I called for her out loud while Rafe talked and drove. “Where is Shax hiding?”
Maggie sounded sad. “I don’t know, dear.”
Rafe pocketed his phone. He would see me talking to Maggie. “But Shax would have told me somehow.”
Maggie said, “Ask Peanut. She never forgets anything.”
My knuckles turned white on the car door. Peanut knew. She knew what Shax had done to her. She knew how I’d failed. If I let her speak she’d tell me horrible things. I wouldn’t be able to forget, to forgive.
Maybe someday. But not today. I couldn’t fall apart now. If Peanut’s revelations sent me spiraling, as they had after discovering Bethany, I’d lose any chance of saving Cali.
I opened my eyes, not aware I’d closed them. The bleating of the sirens seemed soothing compared to the chaos in my head.
Rafe’s eyes darted toward me and back to the road. “The MPs will meet us at the gate. Where are we going from there?”
Wave after wave held me under, suffocating me. “Come on. Help me.”
Rafe answered. “I’m trying. Getting us in the gate wasn’t easy. But you’ve got to think.”
“I’m not talking to you.” It wasn’t hard to say to him and he didn’t look taken aback.
“Oh.” He rolled us into a sharp left, leaving Valencia after fifteen miles and heading north on Kolb. “Can you get them to tell you where Shax is? Like mental telepathy or something?”
“I wish it worked like that.” We had to be traveling sixty miles an hour but it felt like a crawl.
Failed.
Your fault.
She’s dead.
“No.” I said it firmly. “Kaycee didn’t die. Cali won’t either. This is Shax’s game and he’d want to keep the bait alive.”
Rafe seemed uncertain. “Is that for me or…them?”

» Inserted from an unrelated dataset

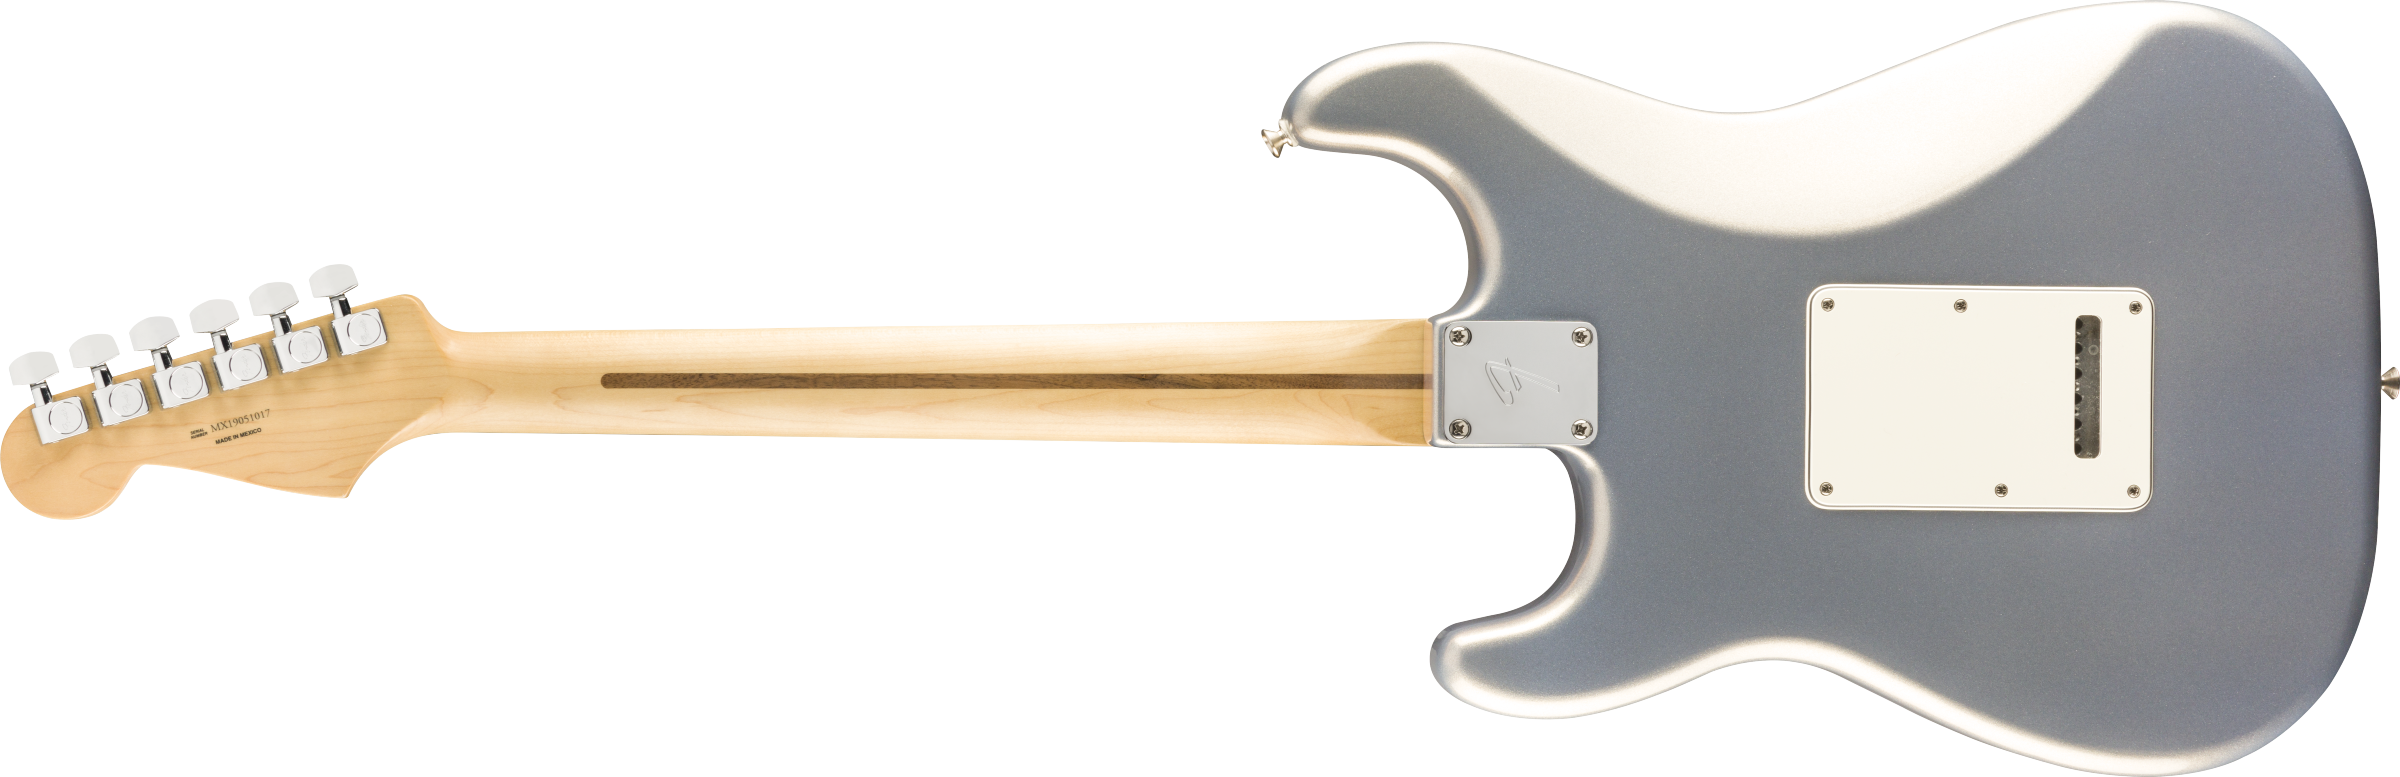 Fender Player Stratocaster - Silver 0144503581

I rubbed my temples. “Them. You. I don’t have the energy to sort it out. I need to figure out where he’s keeping Cali.”
Rafe gave me one nod. He kept quiet the last few miles until we slid to a stop outside tall chain-link gates. Headlights shown on the crisscross patterns, dividing the light into the night beyond the gates.
A Hummer pulled up in front of us on the other side of the gate. Their headlights splashed us in harsh glare and Rafe shut his down. Both doors opened and uniformed military personnel emerged from each side. With the caps pulled down I only made out one was a woman and one a man. The man unlocked the gate and the woman stepped through, coming to the driver’s door.